Из рук его два раза вырвав руки, она его два раза оттолкнула, но в третий раз их вырвав — не смогла и обняла. Кричать ей расхотелось. Ей сразу он понравился тогда, когда на крылья ангела он сбросил пиджак, ему мешавший с ней бежать. Возненавидев исповеди в церкви, когда однажды старичок священник трясущейся рукой сквозь занавеску стал щупать лихорадочно ей груди, а было ей всего тринадцать лет, она возненавидела желанья, которые уже в ней просыпались, а вместе с ними и свою невинность, и всех мужчин, хотевших так трусливо лишить ее невинности тайком. Невинности законная продажа, чтобы назваться чьей-нибудь супругой, ей тоже отвратительна была.
Но тело любопытствовало подло, изжаждалось оно, истосковалось и до того норою доводило, что хоть намажься, словно проститутка, и — с первым, кто навстречу попадется, чтобы узнать, как это происходит, а после — в море или в монастырь. От всех желаний недостойных тела, достойно осуждаемых умом, она пыталась вылечить себя учебой, революцией и бегом, и вдруг все это сразу сорвалось. Она хотела.
Только не вообще, а именно вот этого, смешного кидателя ботинок, пиджаков, который так, возможно, поступал, чтоб ангелы обулись и оделись. Она хотела. Не потом. Сейчас. Трава сквозь спину ей передавала, что в этом ничего плохого нет. Она уже любила? Может быть. Все в ней внезапно стало слабым местом. Мелькнуло, растворясь: «Уж если падать, то сразу и с хорошего коня». И небо навалилось на травинки, однако их ничуть не пригибая. и двое стали сдвоенной природой, и миллионы зрителей глядели с немого муравейника на них.
А вы любили в девятнадцать лет ту девушку, которой девятнадцать?
Две молодости прижавшиеся — зрелость, но эта зрелость — молодость вдвойне.
Помножено все в мире стало на два: глаза и руки, волосы и губы, дыханье, возмущение, надежды, вкус ветра, море, звуки, запах, цвет.
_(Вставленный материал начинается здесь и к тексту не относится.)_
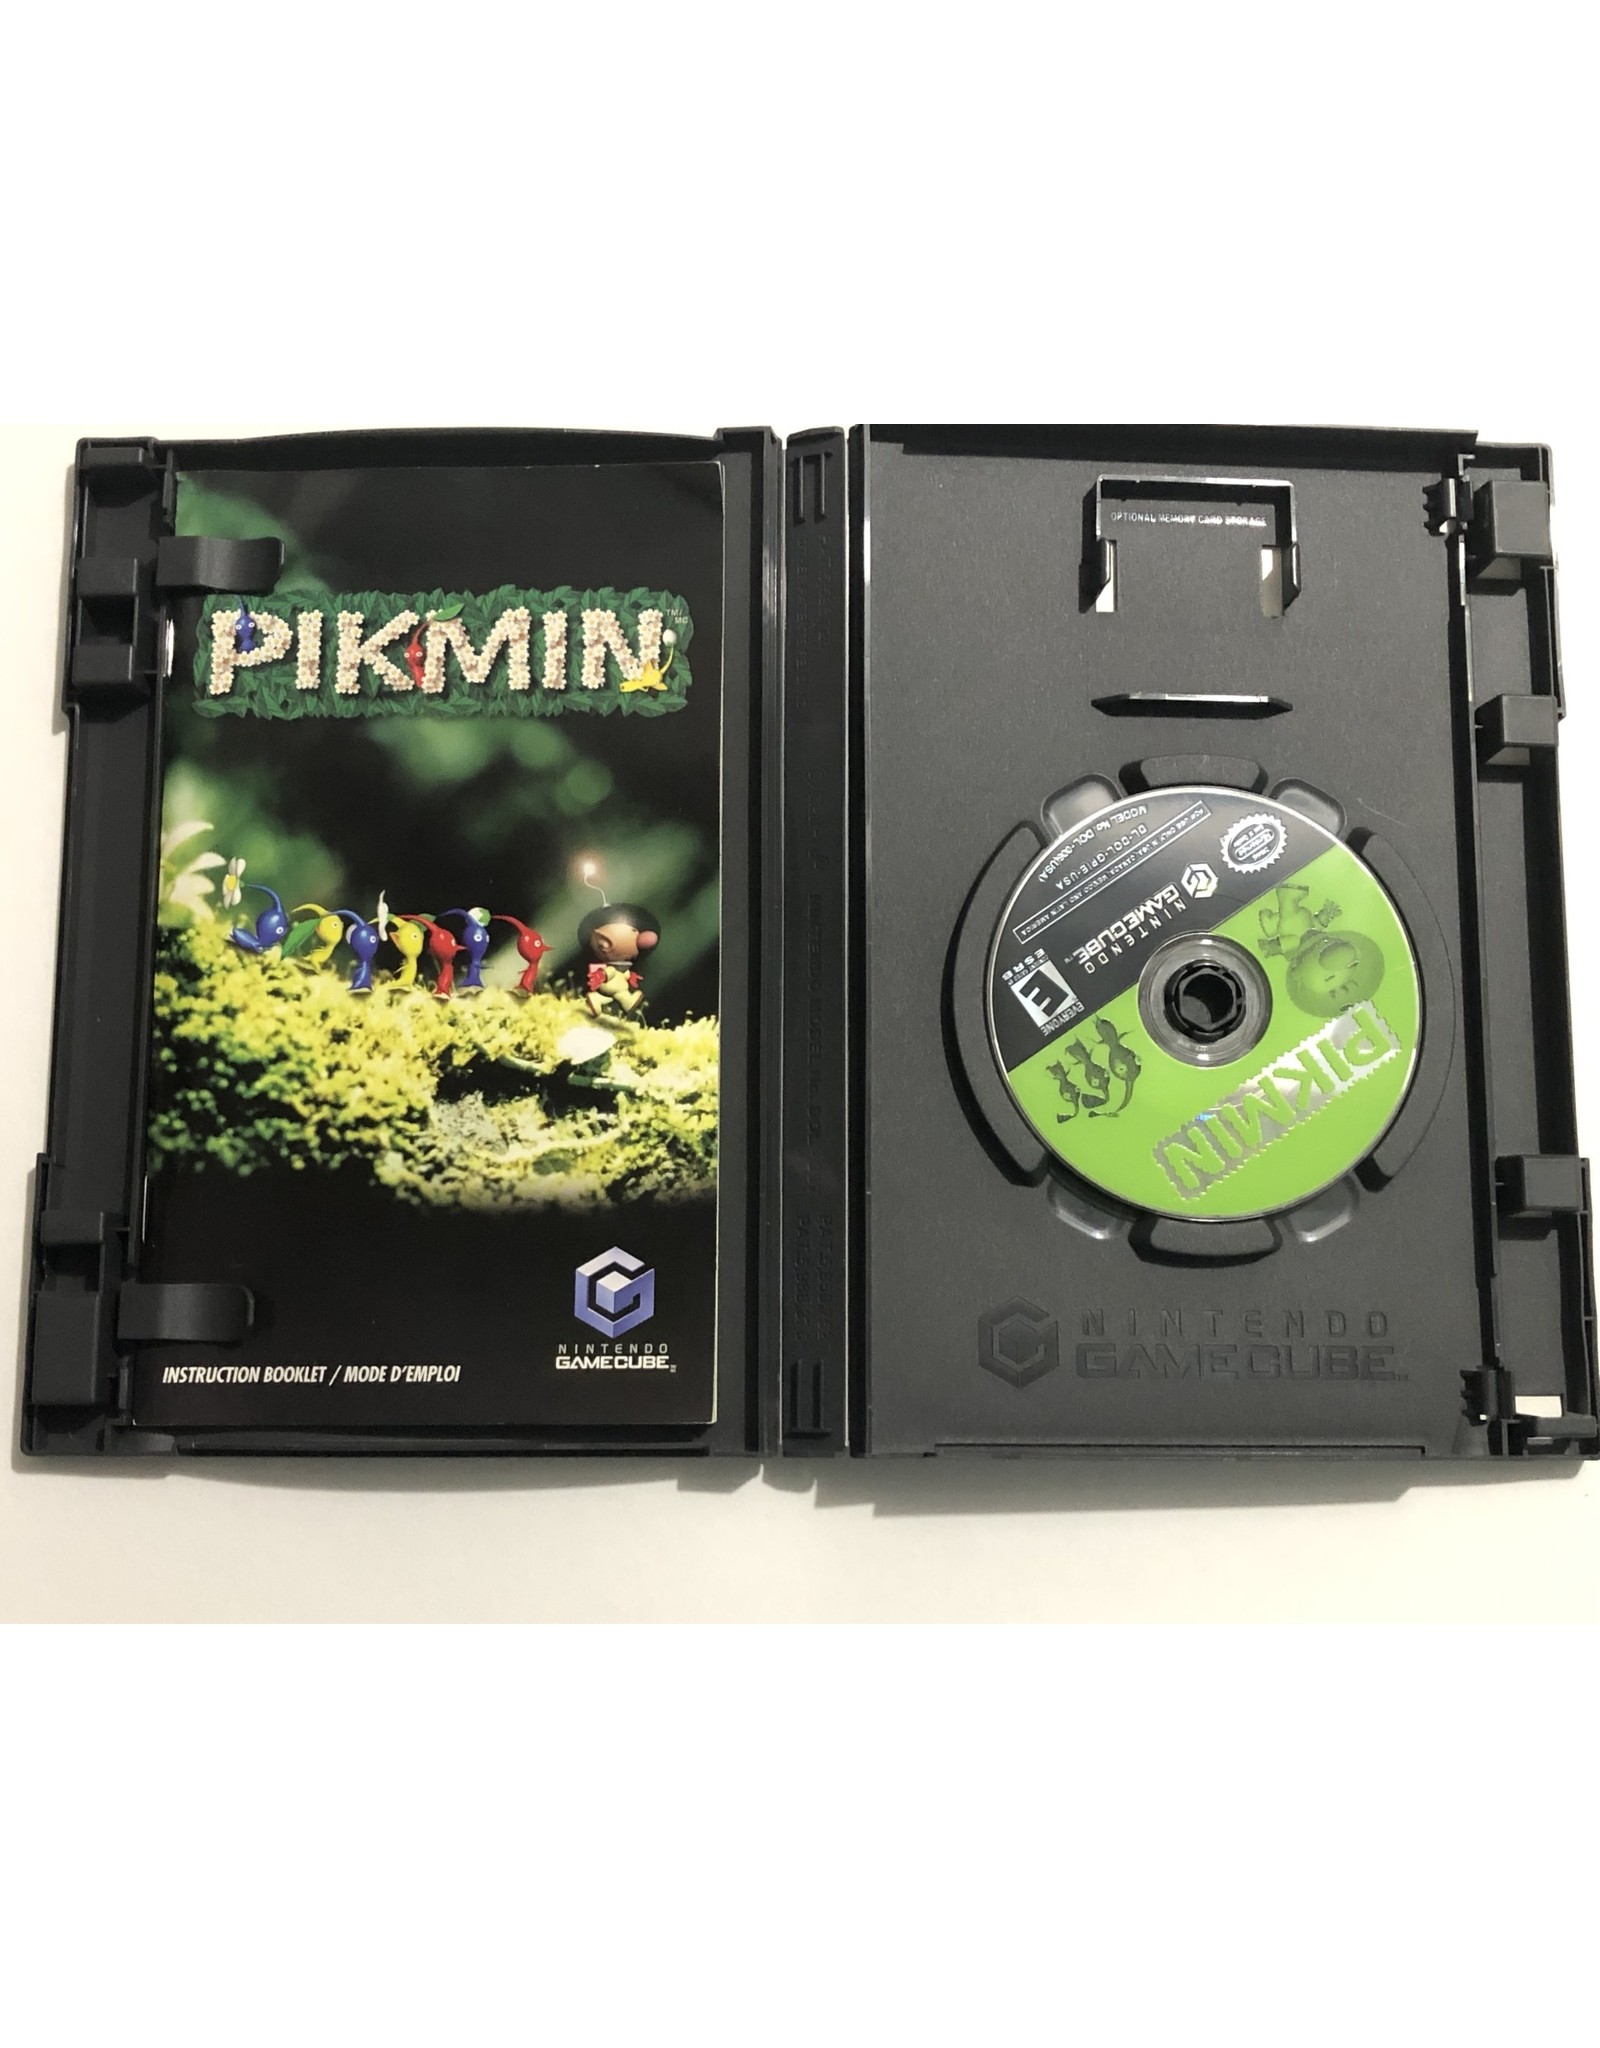 Nintendo Pikmin (Gamecube)

Друг к другу так природа их швырнула, что различить им стало невозможно, где он, а где она и где природа, как будто продолжался, как вначале, бег сумасшедший без конца пути. Их бег вдвоем был бегом от чего-то, что надоело до смерти, обрыдло.
Их бег вдвоем был бегом через ямы к тому, чего и не было, и нет, но все же быть должно когда-нибудь, хотя, наверно, никогда не будет. Их бег вдвоем был сквозь эпоху спешки, где все бегут, но только по делам и с подозреньем искоса глядят на молодых, бегущих не по делу, их осуждая за неделовитость, как будто в мире есть дела важнее, чем стать собой, отделавшись от дел.
Есть красота в безадресности бега, и для двоих бегущих было главным не то, куда бегут, а то, что — сквозь. Сквозь все подсказки, как бежать им надо, за кем бежать и где остановиться. Сквозь толщу толп. Сквозь выстрелы и взрывы. Сквозь правых, левых. Сквозь подножки ближних. Сквозь страхи, и чужие, и свои.